What we did next would and should have depended on what Hitler and Stalin did. The fundamental conflict in Europe (and therefore the hinge of the balance of power) was then as it is now the conflict between Germany and Russia over who dominates Eastern and Central Europe. The Franco-German conflict, now neutralised by the EU, was a subsidiary of the Russo-German one, thanks to France’s alliances or attempted alliances with Moscow, and Germany’s wish to fight a war on one front at a time.
Britain’s guarantee to Poland in April 1939 was mistaken (in that Britain had no interest in preventing the cession of Danzig to Germany, a demand a good deal more reasonable and justified than Hitler’s demand for the Sudetenland) ), and in that our action’s main effect was to encourage intransigence on the part of Colonel Jozef Beck, the Polish Foreign Minister, so preventing a negotiated compromise between Poland and Germany, who were in fact allies bound by a treaty at that stage.
That Britain’s guarantee to Poland in April 1939 was dishonest, in that we knew when we made it that we had no intention of taking any material action to enforce it, and that we couldn’t have done if we had wanted to, as our armed forces (on the modernisation of which we had nearly bankrupted ourselves by 1938) were designed to defend the Empire overseas, and our home islands - but not equipped or configured for a continental land war.

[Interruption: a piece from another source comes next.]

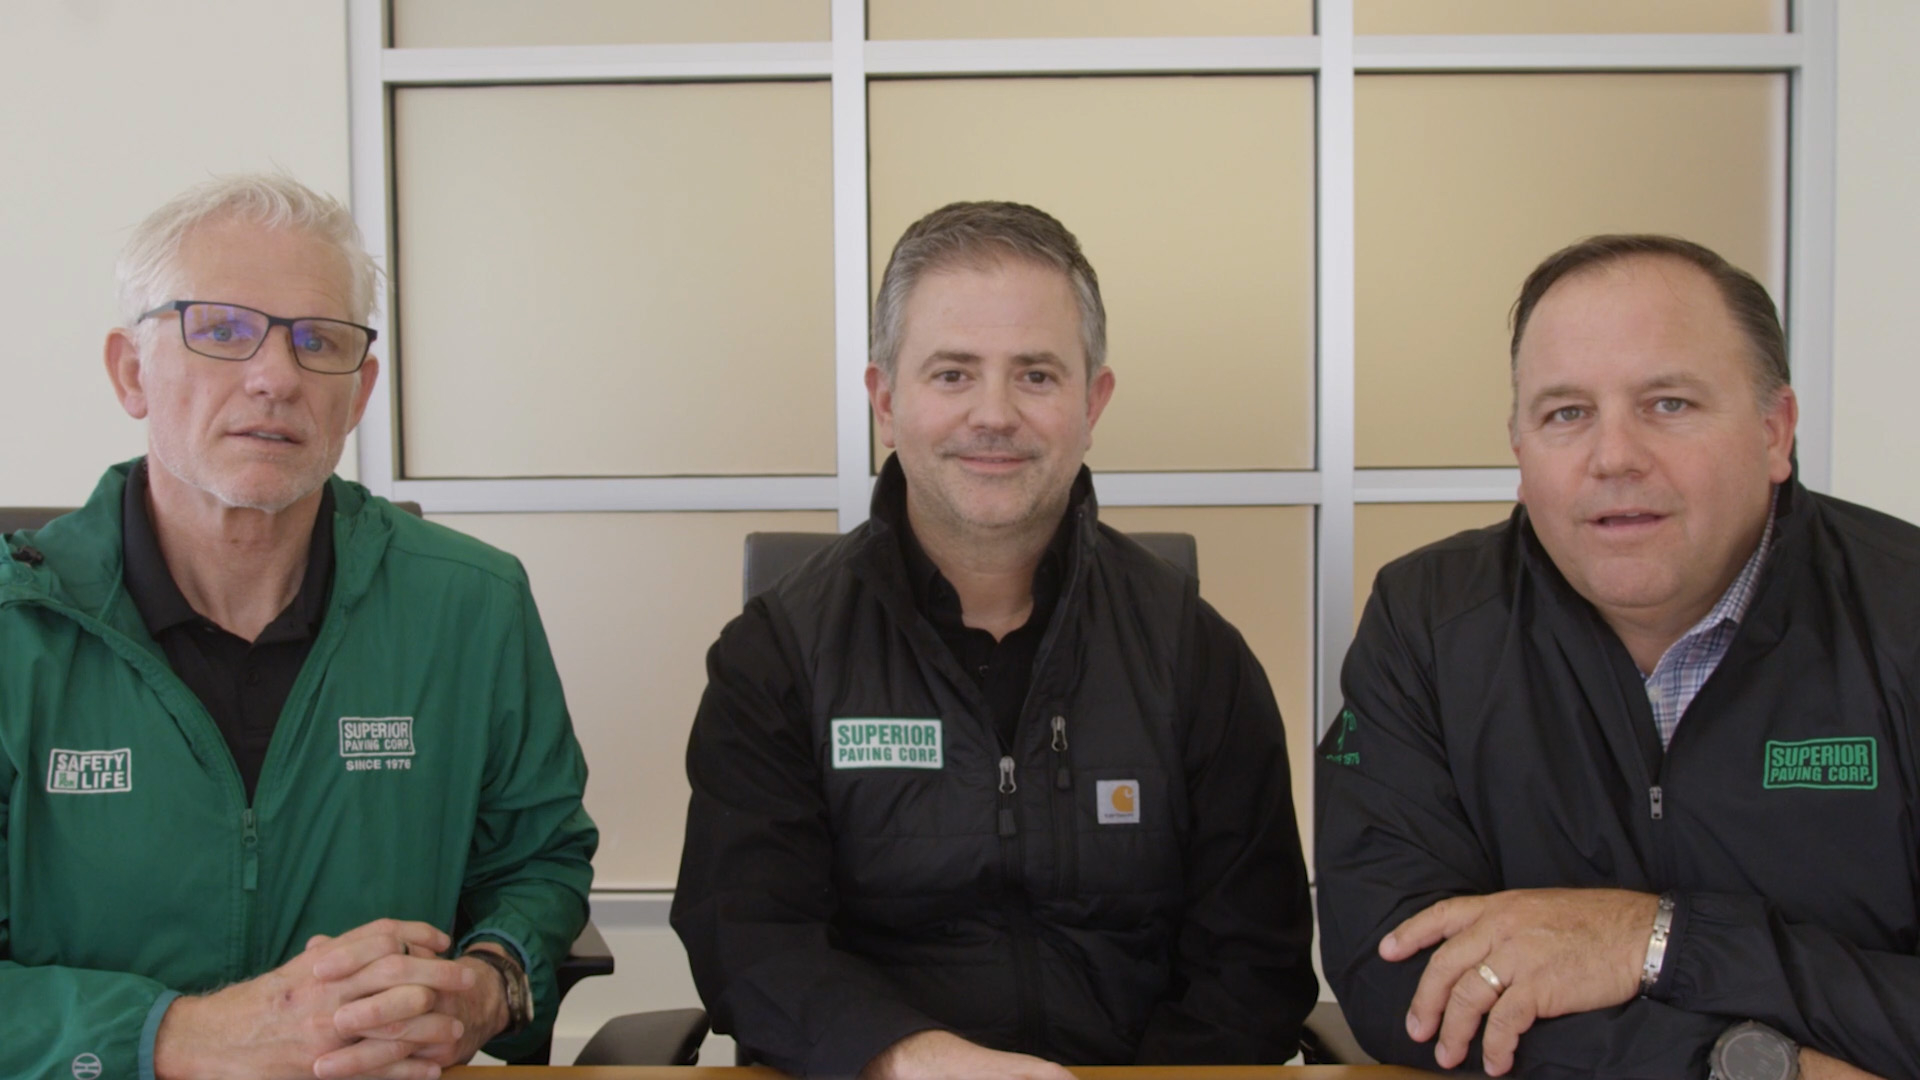 Frank Surface, David White and Jim Mitchell of Superior Paving, discuss the strategic acquisition of Boxley Materials’ asphalt division

We also knew that the Germans were fully aware of our military weakness, in continental land forces, and likewise did not take our guarantee seriously.
Similar criticisms apply to France which, though it maintained a large land army, was also configured, prepared, equipped and trained for a defensive rather than an offensive war (and, as it happened, not very well-prepared even for that, as it had neglected to complete the Maginot line in the most crucial sector, along the Belgian frontier - a route of attack which would hardly have been a surprise to any French general or politician).
Whatever view either country might have taken in April 1939, by the way, it was utterly transformed by the Stalin-Hitler Pact, which (by giving Germany free land-based access to raw materials and fuel from the USSR), instantly negated one of Britain’s most powerful weapons, which had effectively won the war for us in 1914, the threat of naval blockade.
All I ask is that people think. Silly misrepesentation is the reflex of the person who does not wish to think, and so seeks to pretend that I am saying something quite different from what I am actually saying.